Data to process.

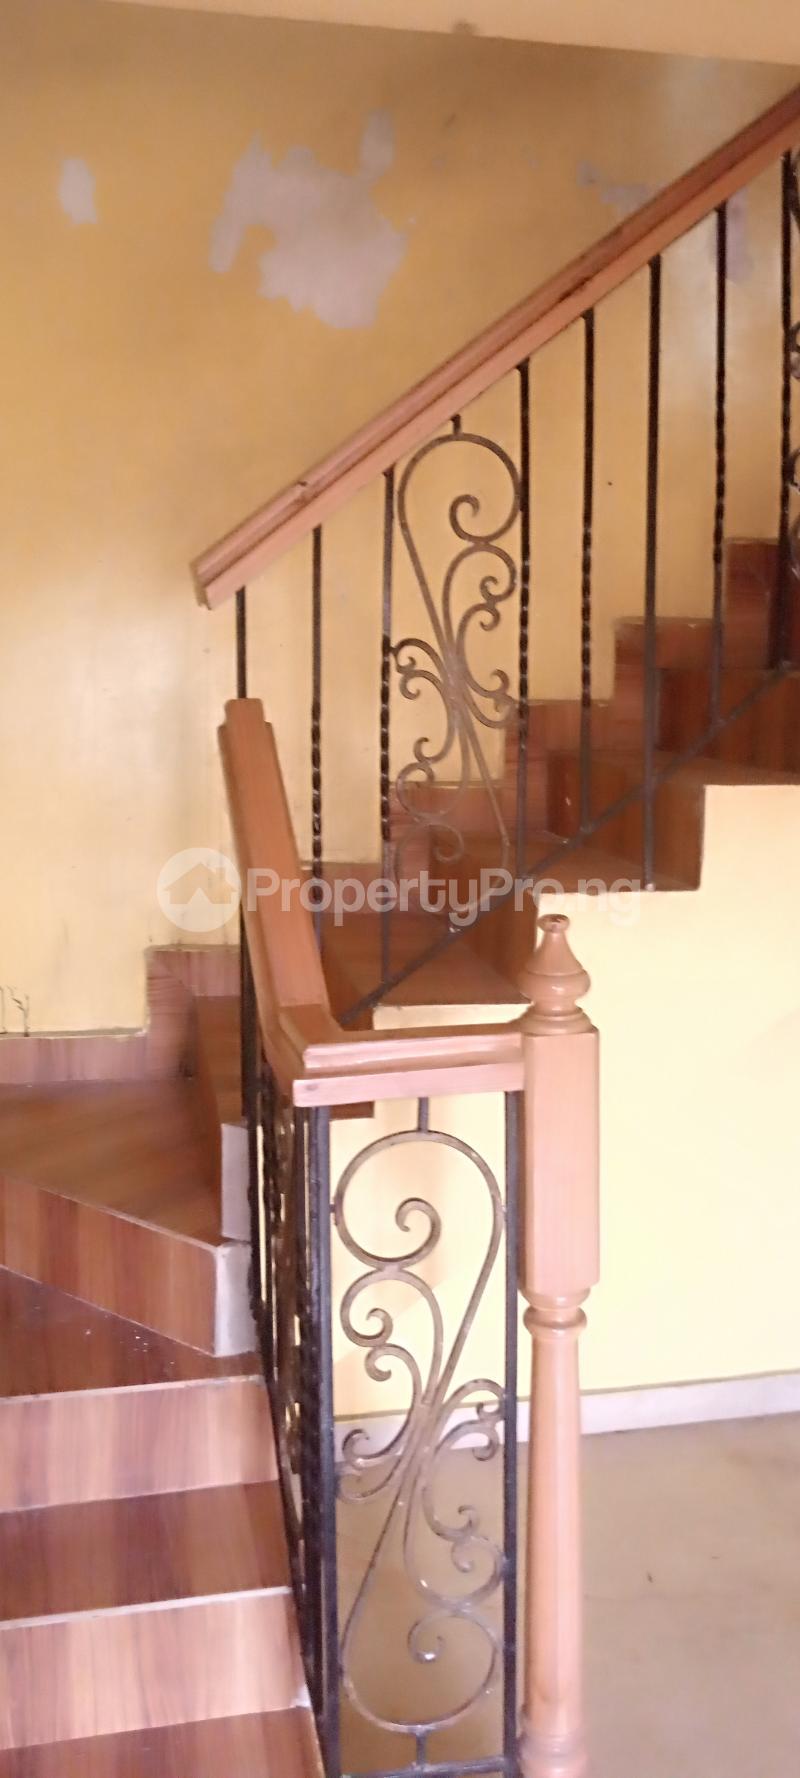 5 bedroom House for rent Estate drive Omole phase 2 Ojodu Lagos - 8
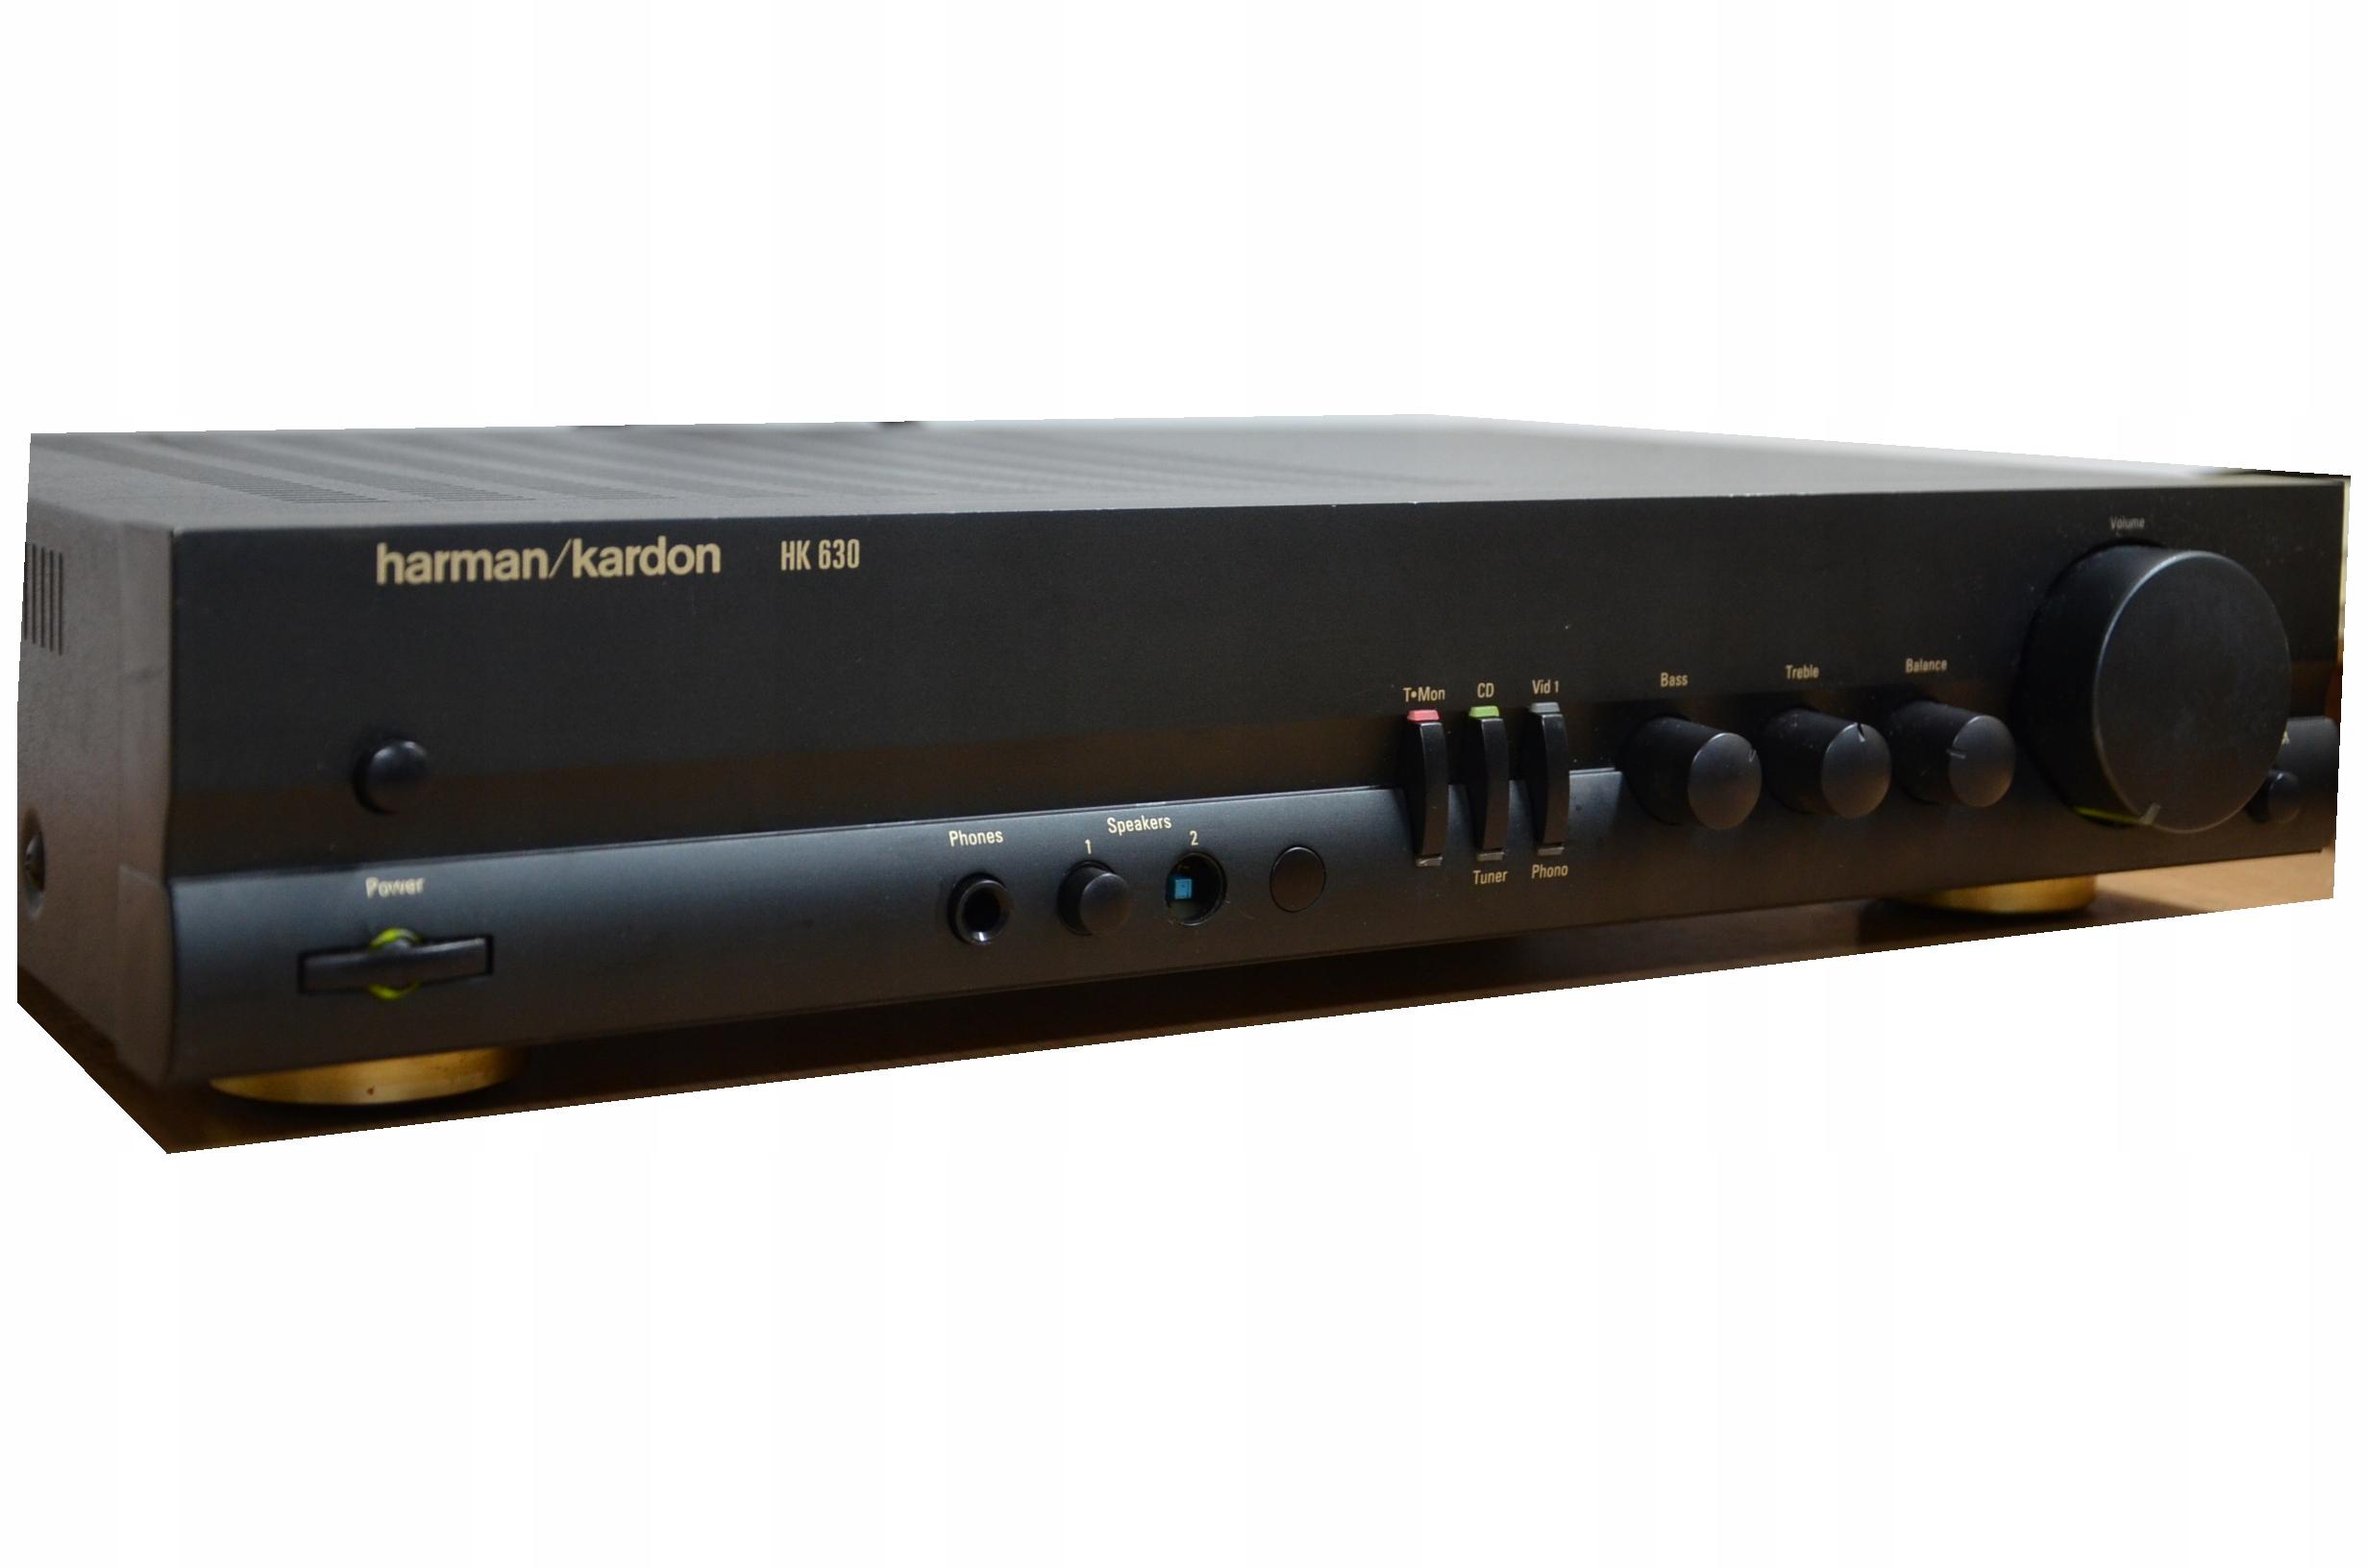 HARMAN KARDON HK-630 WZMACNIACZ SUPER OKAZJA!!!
==
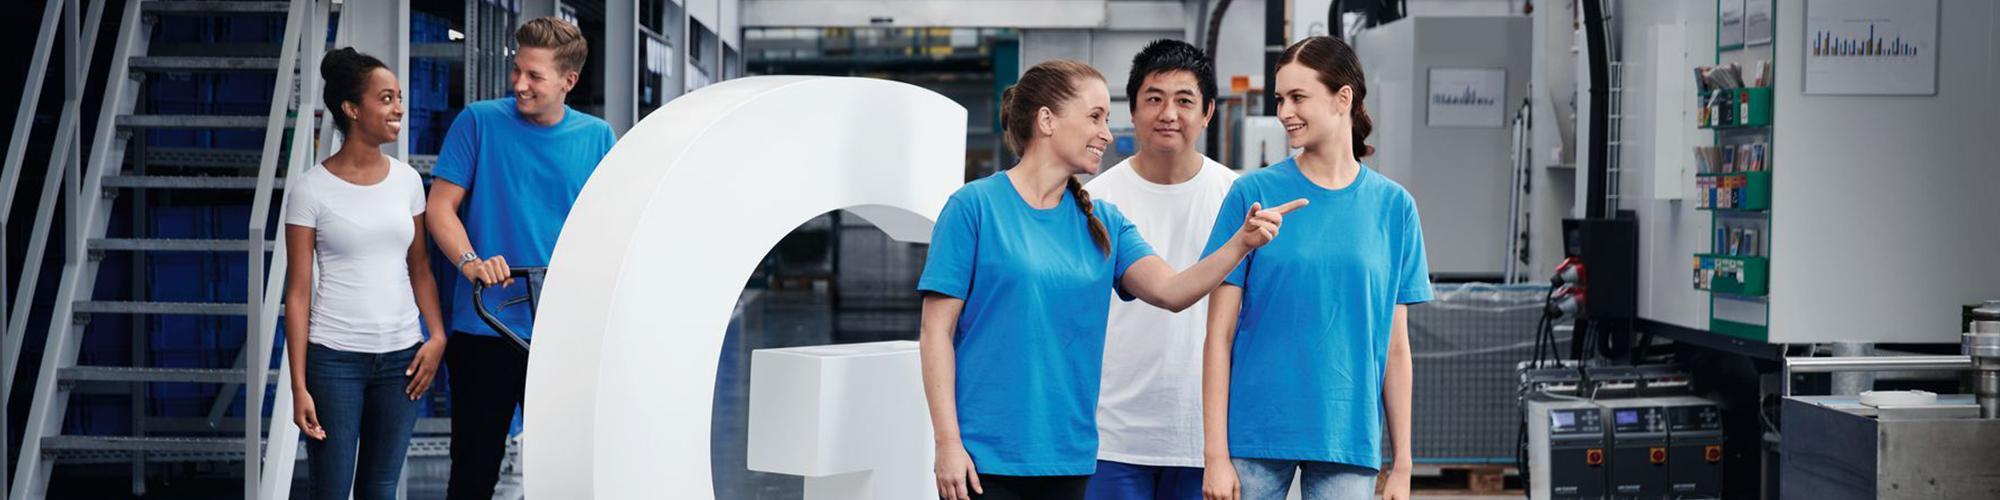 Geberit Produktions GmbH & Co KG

Task requirements. Now transcribe the lines above exactly, starting at the line containing "5 bedroom House" and ending at the line containing "HARMAN KARDON HK-630", both lines included, pictures excluded.

Exercise result.
 5 bedroom House for rent Estate drive Omole phase 2 Ojodu Lagos - 8
 HARMAN KARDON HK-630 WZMACNIACZ SUPER OKAZJA!!!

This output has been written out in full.